Optical technology closes in on goal of $1,000 whole-genome sequencing
Charles Choi, Scientific American
The exorbitant cost of decoding an individual's genome dropped in 2005 from $20 million to a tenth of that amount. George M. Church of Harvard Medical School and his colleagues at Harvard and Washington University in St. Louis, developed a method for determining DNA sequence using commercially available equipment.
The method may help achieve the goal set by the American government to reduce the process to $1,000 by 2015. Experts claim that at such a price, decoding the genome of each of us for medical purposes will become practical. The "do-it-yourself" method developed by Church's research group is based on a combination of readily available and relatively cheap microscopes with fast digital cameras
. 454 Life Sciences of Branford, Connecticut has developed a similar method that combines cameras and microscopes to decode DNA sequences, but uses a different light emission technology than Church's. Conventional sequencing methods generally use bacteria to replicate copies of the desired DNA molecule. Both new methods instead use tiny beads to capture the DNA and enzymes to replicate it. Church's method is about 20 times faster than routine sequencing methods, and costs $140,000. The 454 method has about 100 times the throughput of routine sequencing at a cost of about $500,000 per machine.

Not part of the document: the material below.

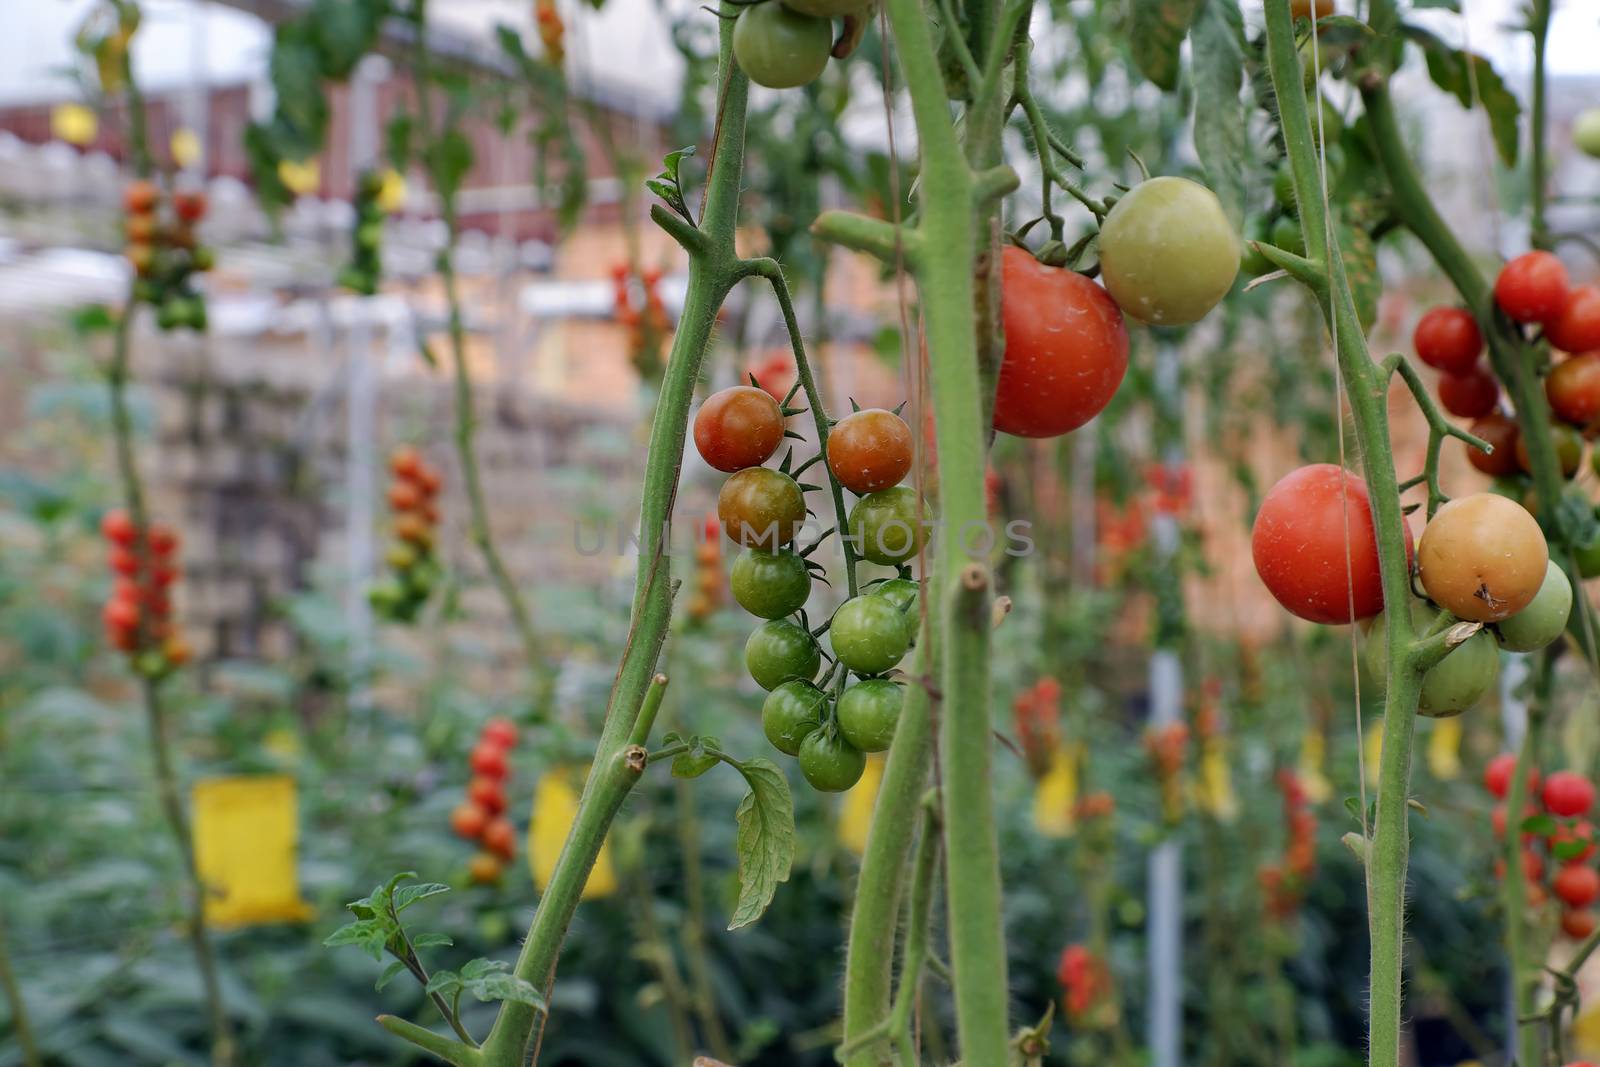 Safe vegetable farm, Da Lat tomato garden by xuanhuongho

Unlike these optical methods, the methods used to determine the sequence of genes today are based on electrophoresis, a method that separates molecules according to their size and refreshes them using an electric field. H. Kumar Wickramasinghe of the IBM Research Center in Elmden and his colleagues developed a method that combines electrophoresis with an atomic force microscope (AFM), which scans the surface using very pointed sensors. The invention can sort DNA segments at a speed 100,000 times greater than normal electrophoresis, but it is only effective for short segments that are 40 nucleotides in length at most. The researchers note that their work can not only speed up the decoding of DNA sequences but also place molecules on surfaces with unprecedented precision.
One response
very interesting. Well done. It is encouraging to hear that within two years the cost has dropped from twenty million dollars to a hundredth (not a tenth!!) of that.

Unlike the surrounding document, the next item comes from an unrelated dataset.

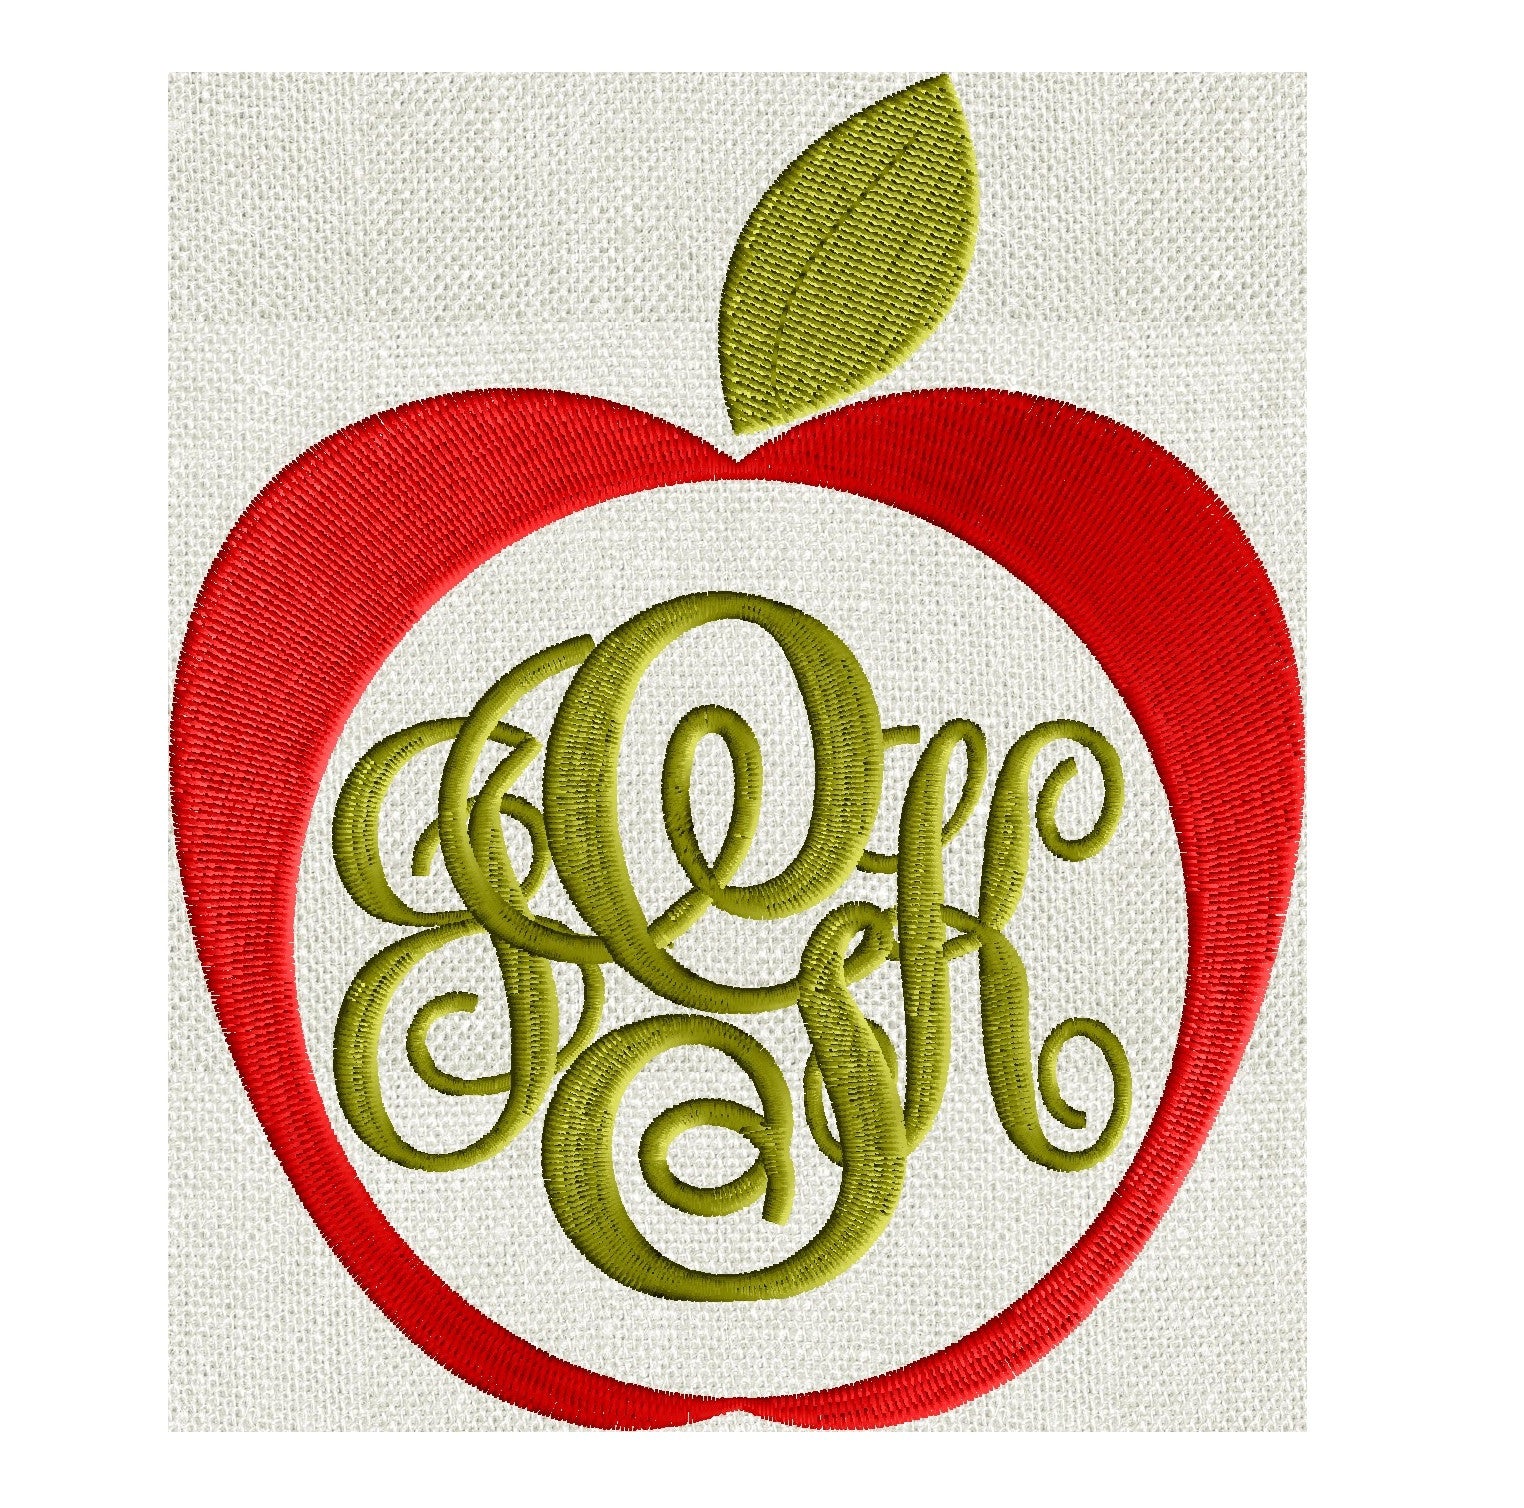 Apple Frame Design - Fruit - EMBROIDERY DESIGN FILE - Instant download

As someone who works with 16S sequences in bacteria (1600 nucleotides in size soon) I can say that in order to obtain such a sequence I spend an average of 4-6 dollars. Of course, the methods are electrophoresis and microbiology - so it takes at least 5 days until I can get the sequence. The new developments sound very promising and will give a strong boost to the field. We look forward to further progress soon.